Meet with our recent study on optical computing, SOLO https://t.co/PC8YjstQli We demonstrate an optical computing framework based on spatiotemporal effects in multimode fibers for a range of learning tasks from classifying COVID-19 cases and speech recognition to predicting age.
— Ugur Tegin (@u_tegin) December 24, 2020
8. TicketTalk: Toward human-level performance with end-to-end, transaction-based dialog systems
Bill Byrne, Karthik Krishnamoorthi, Saravanan Ganesh, Mihir Sanjay Kale
We present a data-driven, end-to-end approach to transaction-based dialog systems that performs at near-human levels in terms of verbal response quality and factual grounding accuracy. We show that two essential components of the system produce these results: a sufficiently large and diverse, in-domain labeled dataset, and a neural network-based, pre-trained model that generates both verbal responses and API call predictions. In terms of data, we introduce TicketTalk, a movie ticketing dialog dataset with 23,789 annotated conversations. The movie ticketing conversations range from completely open-ended and unrestricted to more structured, both in terms of their knowledge base, discourse features, and number of turns. In qualitative human evaluations, model-generated responses trained on just 10,000 TicketTalk dialogs were rated to “make sense” 86.5 percent of the time, almost the same as human responses in the same contexts. Our simple, API-focused annotation schema results in a much easier labeling task making it faster and more cost effective. It is also the key component for being able to predict API calls accurately.
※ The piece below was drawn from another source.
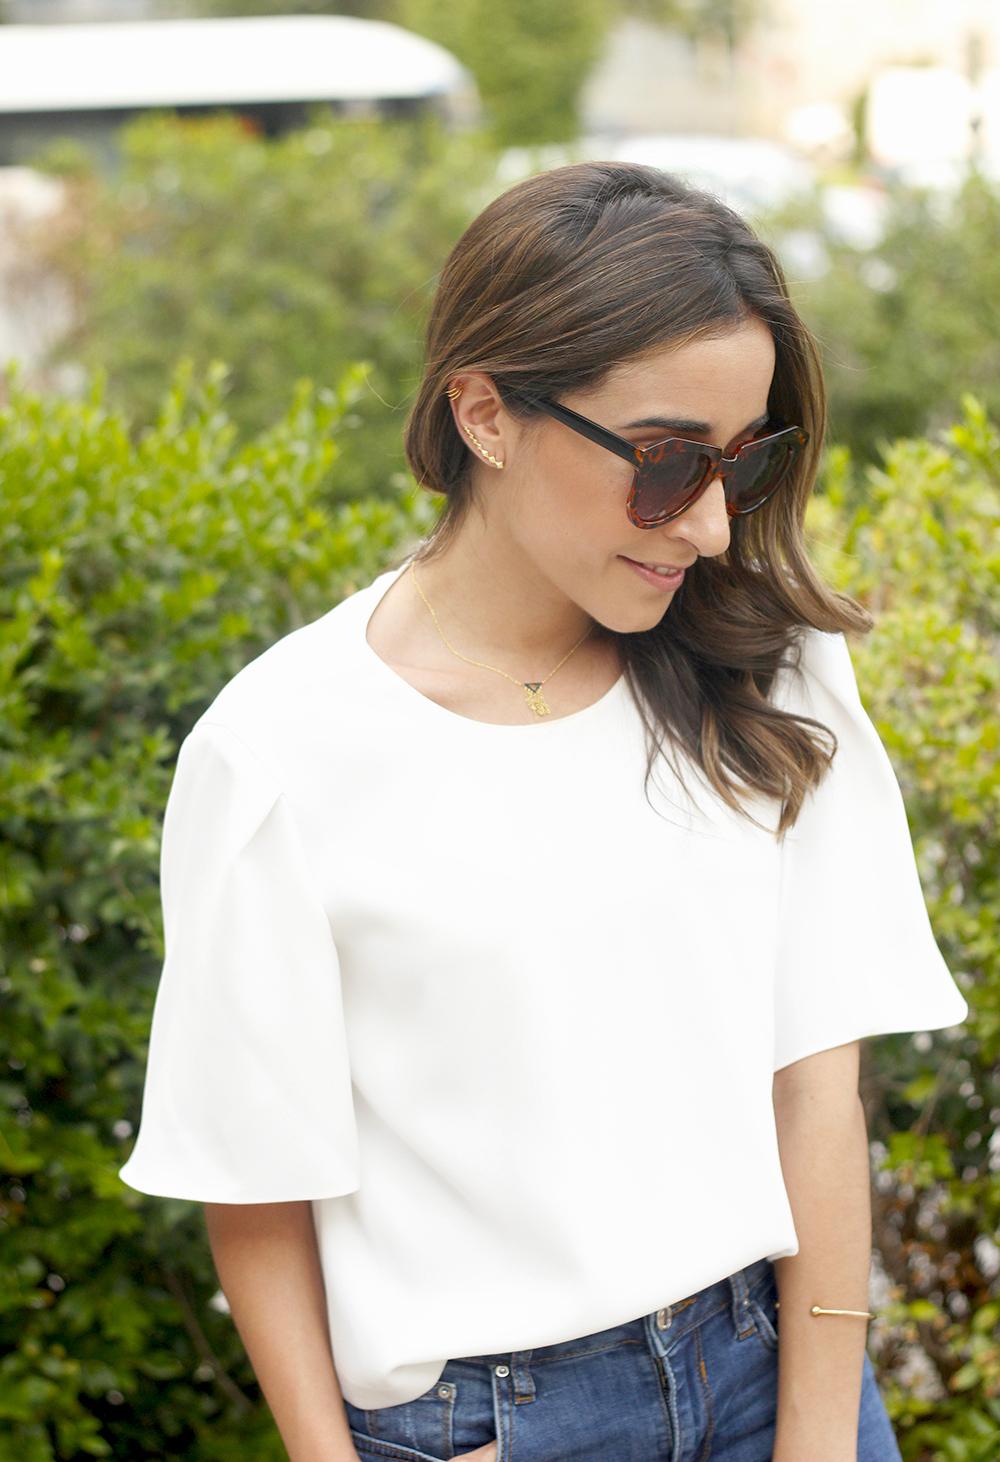 White blouse jeans earrings earcuff jewellery corte ingles joyería verano summer outfit style3

We handle factual grounding by incorporating API calls in the training data, allowing our model to learn which actions to take and when. Trained on the same 10,000-dialog set, the model’s API call predictions were rated to be correct 93.9 percent of the time in our evaluations, surpassing the ratings for the corresponding human labels. We show how API prediction and response generation scores improve as the dataset size incrementally increases from 5000 to 21,000 dialogs. Our analysis also clearly illustrates the benefits of pre-training. We are publicly releasing the TicketTalk dataset with this paper to facilitate future work on transaction-based dialogs.